Got it. Appreciate that. And then Bryce, I want to go back to something you talked about. You talked about some of the engagements you have around Generative AI and large language model training, etcetera. How are you thinking about the type of investments that TaskUs needs to make over at the next cycle of Generative AI development. I'm training seems like it's the 1st, but what comes after that and how can we think about the ways that you'll look to pursue that investment? Thanks.

Bryce Maddock

Analyst

Yeah. I mean, we've been investing pretty heavily in building a technology organization that's capable of building a platform in the form of TaskGPT. We also have a team of AI experts that lead our AI services line. I think that those investments will increase as we go into next year.
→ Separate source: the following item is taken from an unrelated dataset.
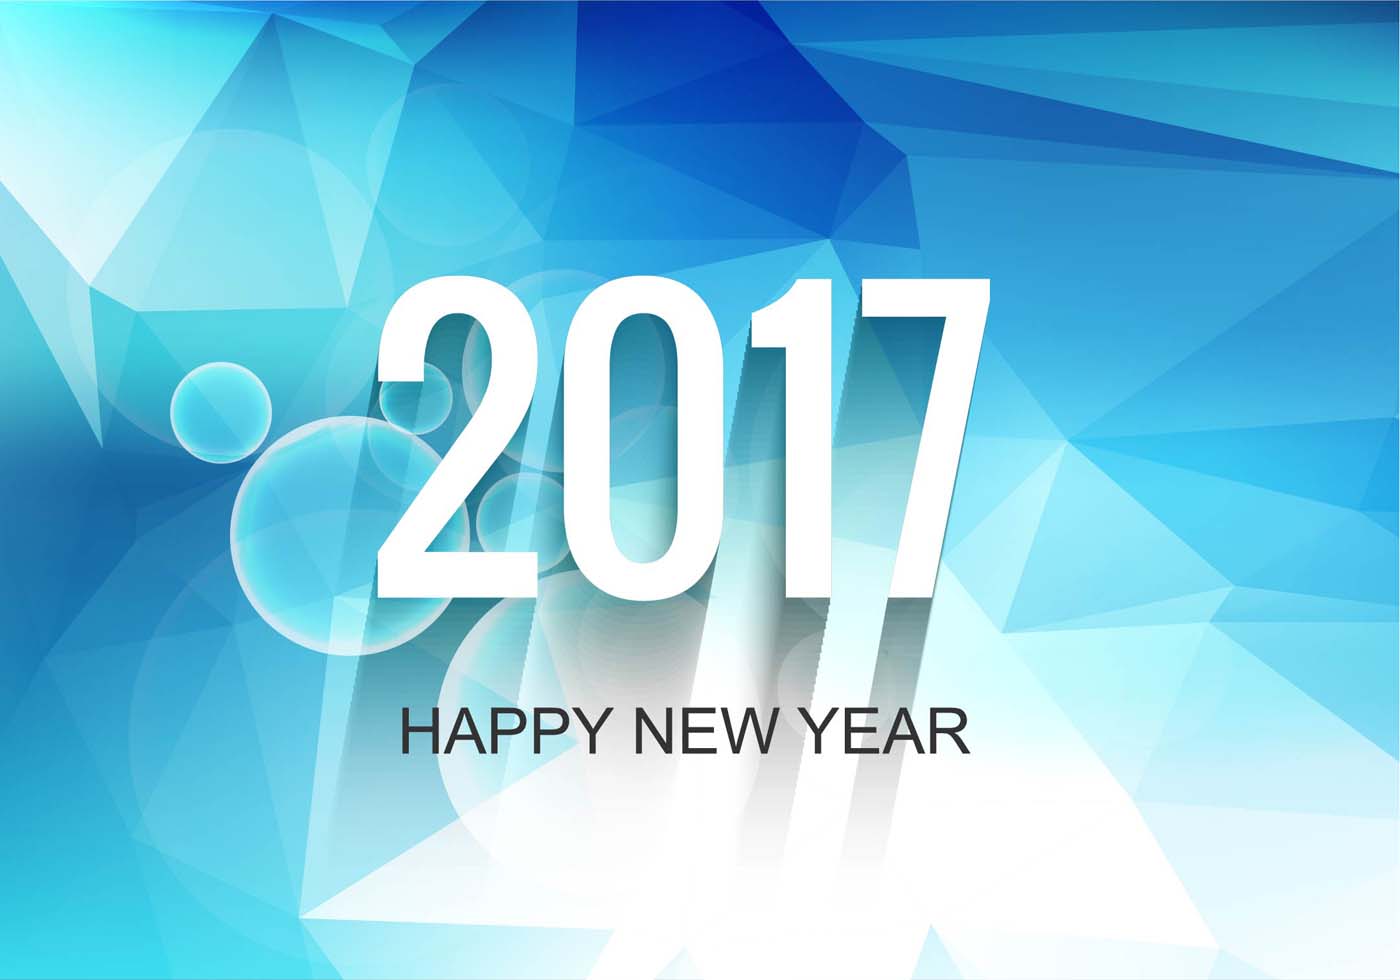 Free Vector New Year 2017 Modern Background - Download ...
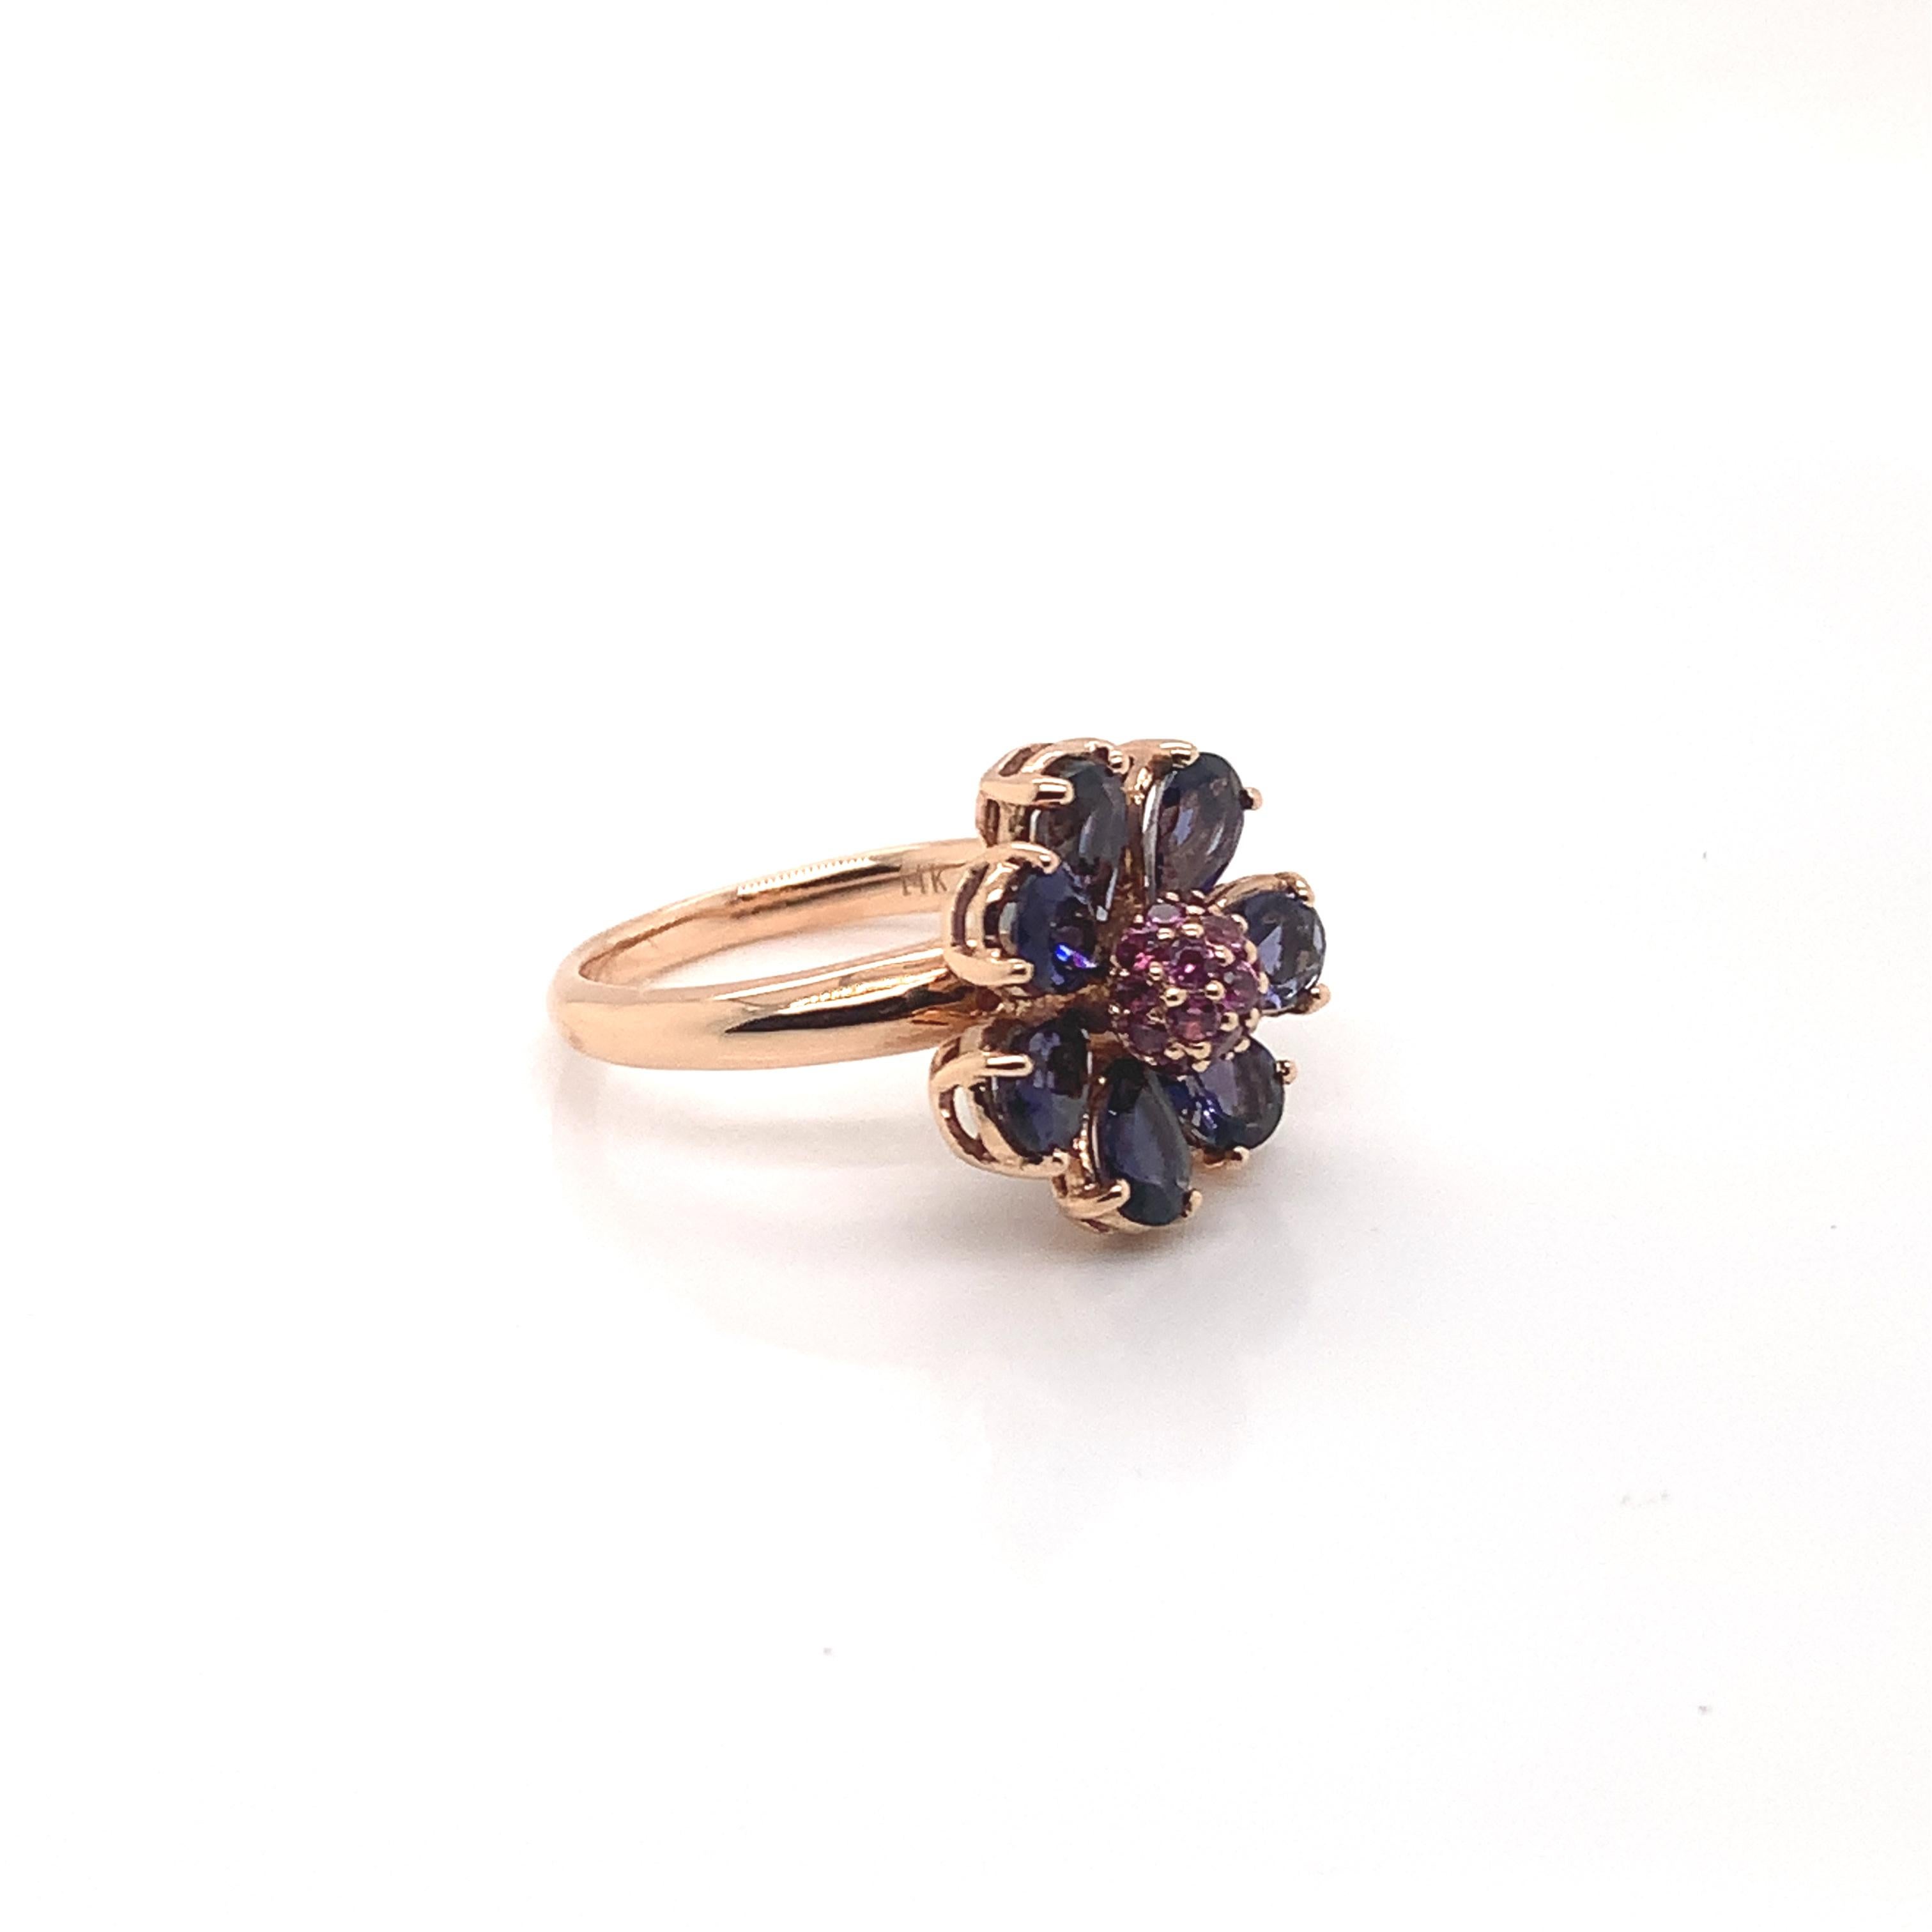 Glamorous Gemstones - Sunita Nahata started off her career as a gemstone trader, and this particular collection reflects her love for multi-colored semi-precious gemstones. This ring presents a floral iolite set around a cluster of rhodolite

We expect to invest more in generative as well as more in sales and marketing to drive growth. And then I would just say also though that there's a huge opportunity for us to grow revenue, through the training of large language models and the trust and safety services that these image generation and language models are going to require.

James Faucette

Analyst

Got it. Appreciate that.

Operator

Operator

Our next question is from William McNamara with BTIG. Please proceed.

William McNamara

Analyst

Hi. This is Bill on for Matt. With the support of autonomous driving that is currently in use, is there a number of agents per car we should be thinking about or is it too early to know for vehicle safety operations and kind of how large do you think this can become for Task?

Bryce Maddock

Analyst

Yes, thanks so much for the question, Bill. So I think that, at this point, it's very early days in the autonomous vehicle space, but we're very well positioned. We support a number of the leading makers of autonomous vehicles. And this vehicle safety operation that we launched this quarter, is an incredibly exciting expansion of that work. At this stage, we're seeing clients look for ways to make sure they're ready to deliver safety for their cars and riders in the field. But to do so in a way that's a bit more cost efficient, we mentioned one of our large autonomous vehicle clients, cutting spend on certain AI services in the last quarter. So it's early days to figure out exactly what that per car ratio to agents would be. But I think we're really well positioned as this space continues to grow.

William McNamara

Analyst

Great. Thanks for taking my question.

Operator

Operator

Our final question is from Cassie Chan with Bank of America. Please proceed.

Cassie Chan

Analyst

Hi. I just wanted to dig in a little further on your comment on 1Q 24. Should we expect, you know, a commodities central decline quarter over quarter versus 4Q similar to trends you saw in 2023? And also on a year over year basis, could you just clarify, could we see maybe further year over year deceleration as well versus, you know, call it down 7% based on the guidance you gave for 4Q? Thank you.

Bryce Maddock

Analyst

Cassie, thanks so much for the question. So I think that's right. We're talking about the reversal of those seasonal volumes and the risk of some incremental churn given the macroeconomic environment. At this point, we're really satisfied with the results we were able to deliver this quarter and we hope to deliver similar results going forward. But given the more challenging comp in Q4 and in Q1 of next year, the year over year decline may be slightly larger.

Cassie Chan

Analyst

Got it. That's helpful. Thank you.

Operator

Operator

This concludes our question and answer session and this will conclude our conference. You may disconnect your lines at this time and thank you for your participation.